III. Penyimpang (varian) yang terjadi pada Biaya penyusutan

Pada tahun 2004 s/d tahun 2006 beban biaya penyusutan merupakan varian yang merugikan perusahaan yaitu tahun 2004 sebesar Rp. 1592 juta (93,2%), tahun 2005 Rp. 1.046 juta (50,7%) dan tahun 2006 sebesar Rp. 394 juta (13,0%). Varians ini disebabkan penyusutan yang terjadi melebihi dari anggaran yang ada, hal ini menunjukkan masih kurang akuratnya perencanaan beban penyusutan aset yang dibebankan ke biaya produksi. Berdasarkan informasi yang diperoleh oleh Penulis, dalam penyusunan anggaran Biaya Produksi ada kemungkinan Biaya penyusutan ini sering dijadikan alat untuk menekan biaya produksi dan Harga Pokok Produksi.
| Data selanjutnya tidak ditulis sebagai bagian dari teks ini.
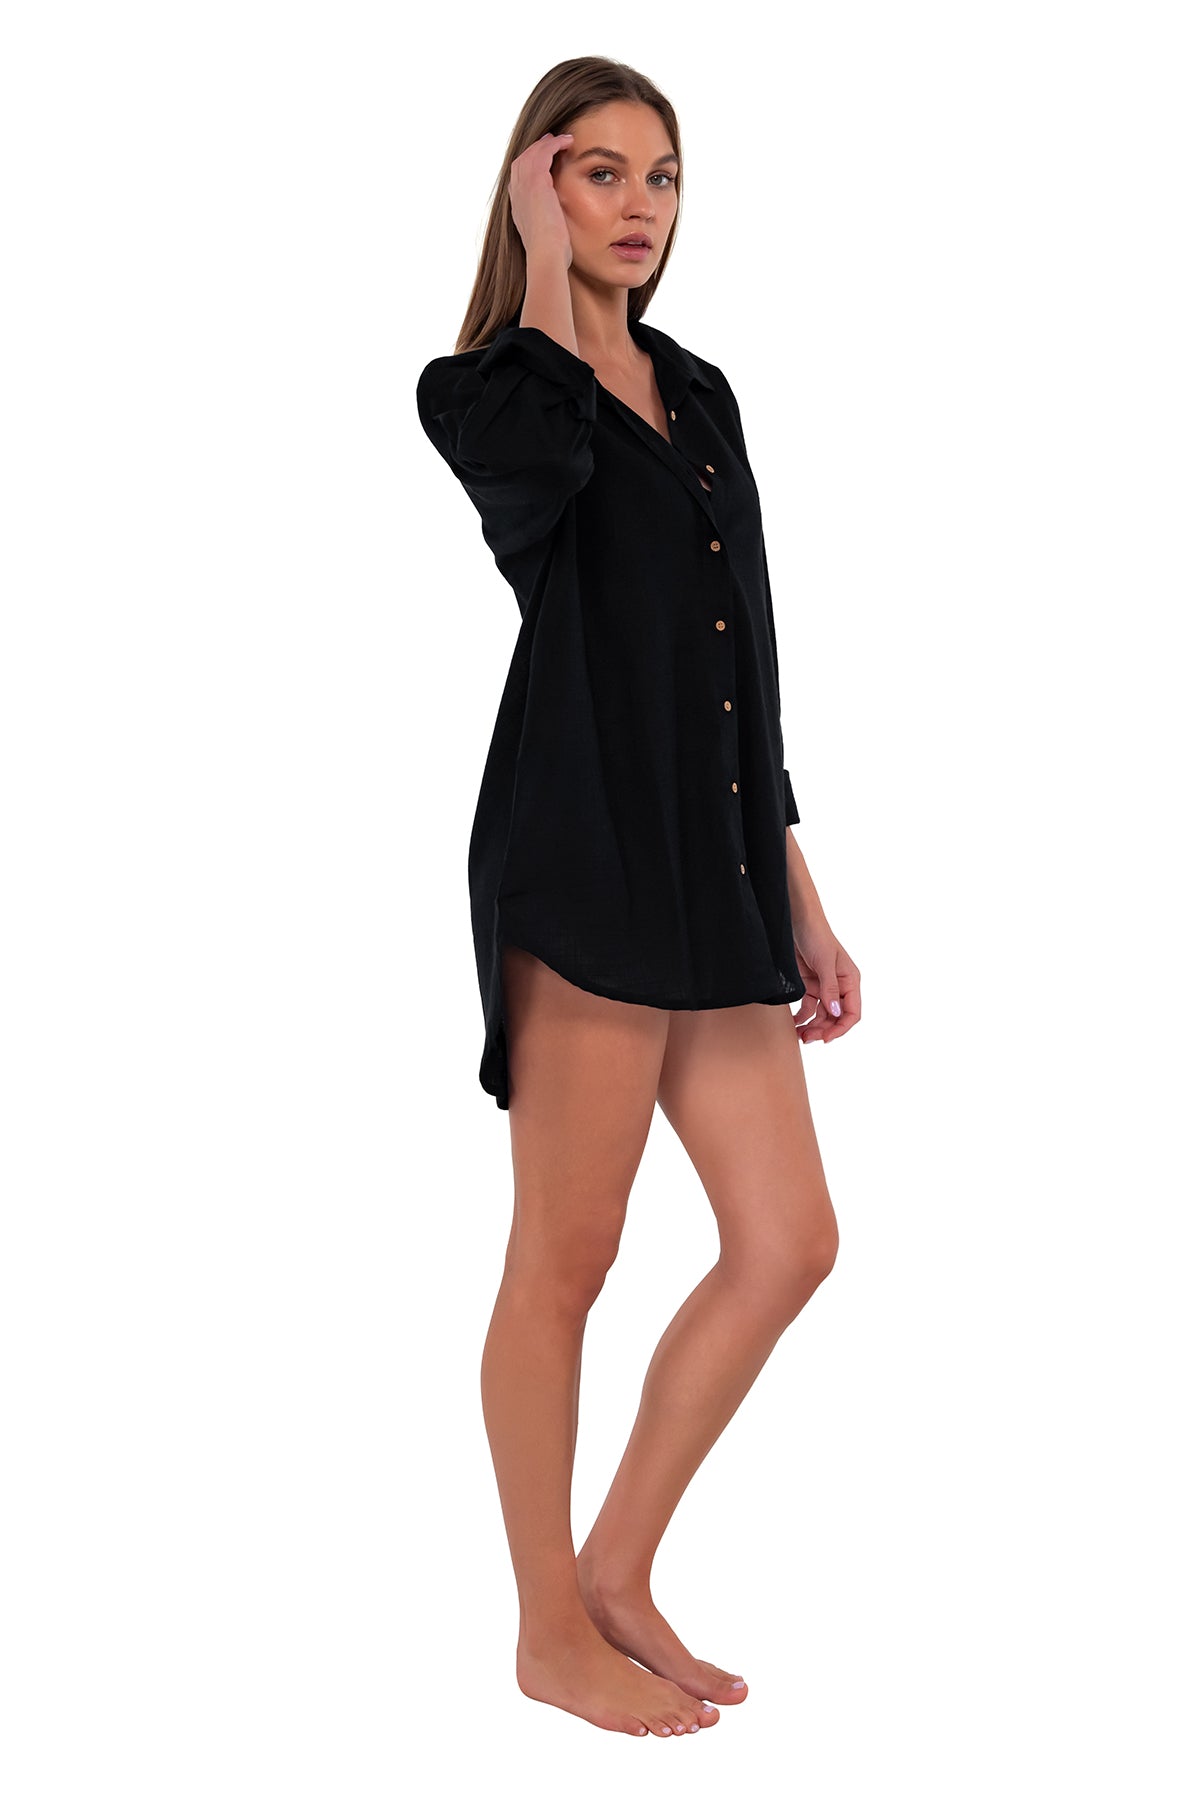 Side pose #1 of Daria wearing Sunsets Black Delilah Shirt

Apabila Anggaran Biaya Produksi Unit/Kebun yang diajukan oleh Manajer Unit dianggap terlalu besar oleh Kantor Pusat, maka salah satu cara yang paling mudah untuk menguranginya adalah dengan mengurangi beban biaya penyusutan. Hal ini dikarenakan Kantor Pusat menginginkan Harga Pokok Produksi yang seminimal mungkin, sehingga yang dominan dilihat oleh Tim Kantor Pusat adalah Harga Pokok Produksi secara keseluruhan bukan item per item dari anggaran Biaya Produksi.